Council tables request
Published 3:23 pm Thursday, October 19, 2017
Farmville Town Council voted unanimously Oct. 11 to not only table requests to rezone 37 properties from R-3 Residential to R-3A Residential, but to remove the request from future meeting agendas. The vote took into consideration the Farmville Planning Commission’s recommendation to table two controversial rezoning requests from Robert and Sherry Martin and Walk2Campus Holdings LLC while asking the town council to authorize the town manager to prepare a request for proposals for outside consultants to assist the town in updating its comprehensive plan and reviewing and proposing amendments to the town’s zoning ordinance.
“There appears to be a lot of confusion about the next steps and where this request goes. The planning commission tabled it, they tabled the request pending updating of the comp plan and perhaps reviewing the zoning map,” said Mayor David Whitus. “So I would ask that council accept the planning commission’s recommendation of tabling it and also removing it from the council’s agenda because in looking at the process, it will probably take 18 to 24 months for the review and etcetera, so then it can come back up to the planning commission if the applicants wish to be reconsidered, you know, under the new comp plan and zoning.”
The recommendation was voted on by the planning commission following 27 people who spoke against the project — citing quality-of-life issues, noise, the historic nature of the area, parking, trash, traffic, the precedent the rezoning could set and density levels.
“Scott (Davis) has experience in economic development and zoning and will be starting in his position of assistant town manager on Monday,” Town Manager Gerald Spates said at the
September planning commission meeting, asking the commission “to get Mr.

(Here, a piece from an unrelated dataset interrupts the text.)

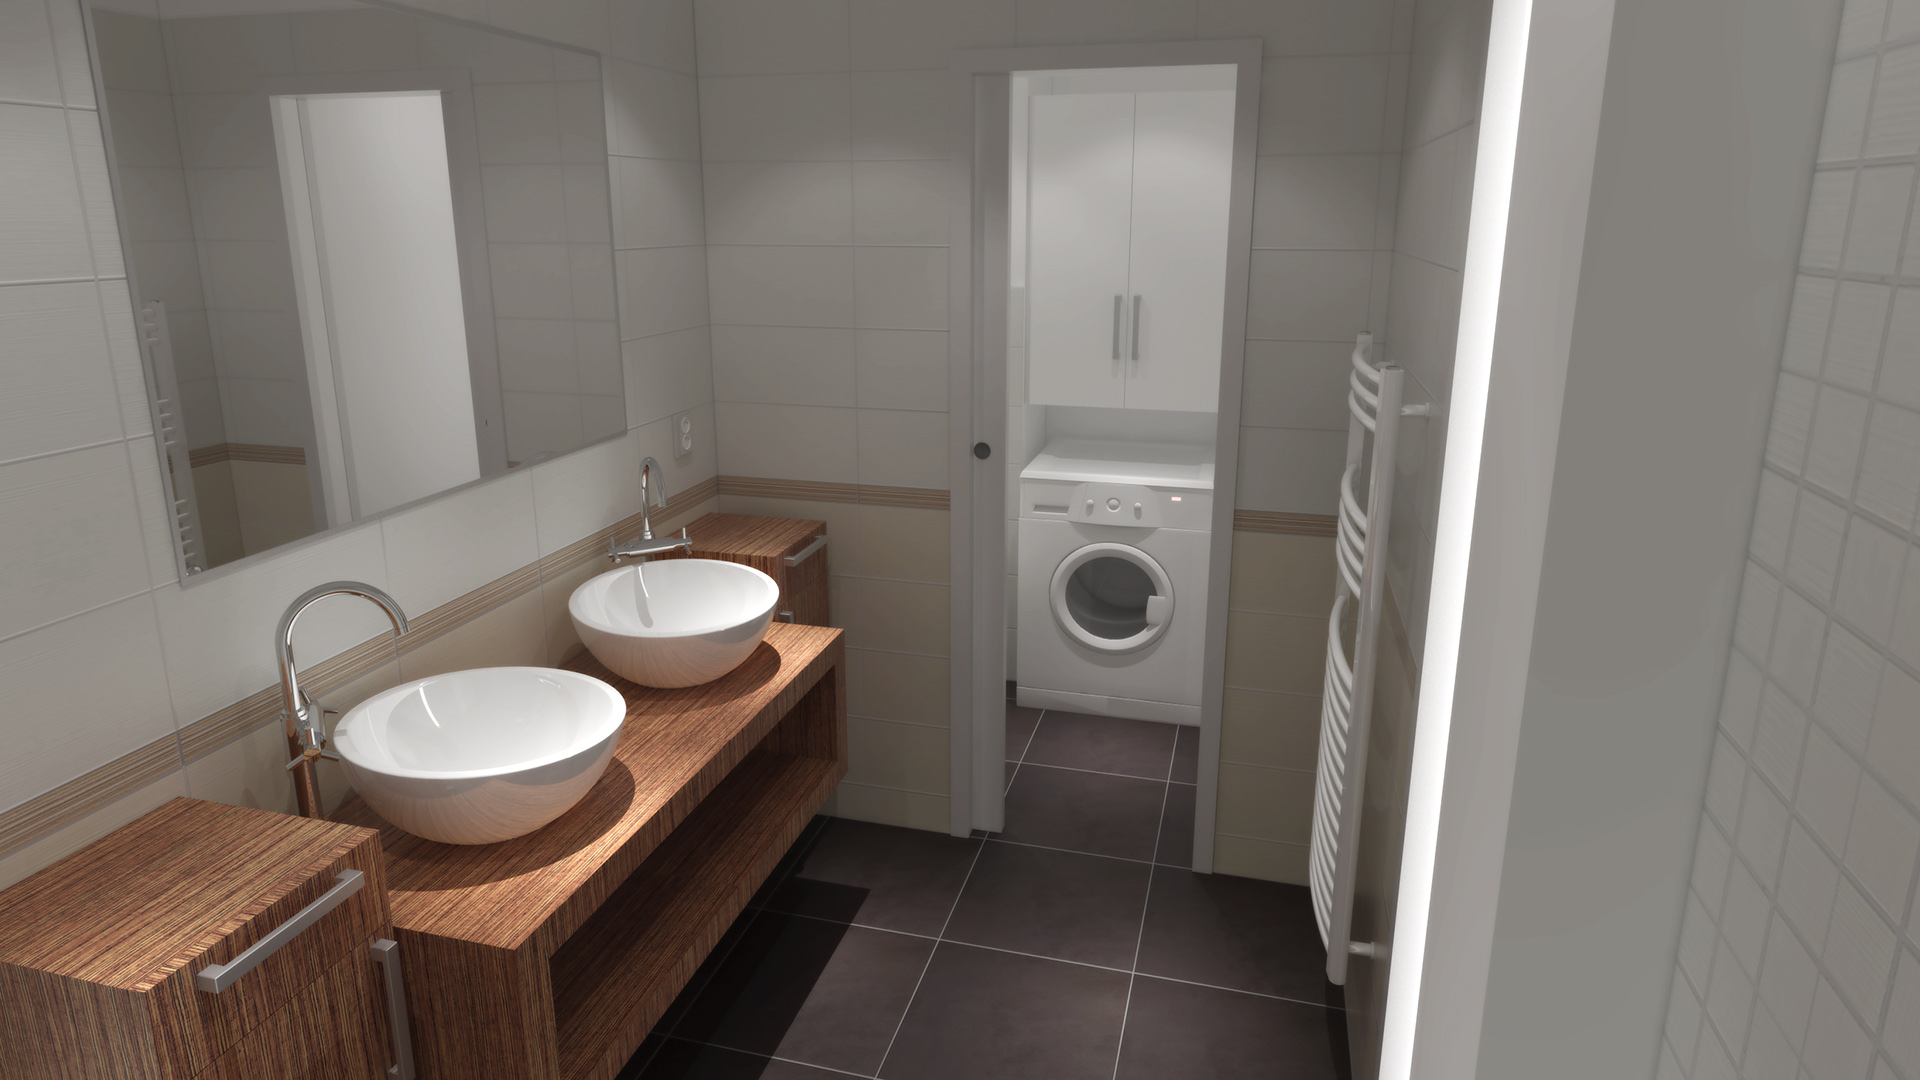 Celková rekonstrukce bytu v Praze v Bráníku. Změna dispozice koupelny a toalety umožnila zvětšit prostor celé koupelny a zároveň oddělit dveřma prostor toalety s pračkou v nice. Doba realizace

Davis involved to help guide and direct the process ahead of us.”
Spates said not only did the comprehensive plan need to be revamped, but it’s also necessary to take “a look at improvements to our zoning ordinance to bring them up to date with current standards.”
Spates noted that outside consultants would help with the process of amending the documents. “I think by going through this process and the public hearings, it
would give the citizens an opportunity to weigh in on any of these changes that would be made.”
“I think we need to get the public involved in the comprehensive plan and in the zoning (ordinance),” Commission Chairman Sherry Honeycutt said.
“I would just say that we were looking at, obviously already looking toward writing the (request for proposal), but I have been contacted by a company that does work on comprehensive plans and zoning amendments, and we may have a different opportunity, so we’ll be looking at that avenue and bringing it back to council as well,” said Assistant Town Manager C. Scott Davis regarding plans for updating the town’s comprehensive plan at the Oct. 11 meeting.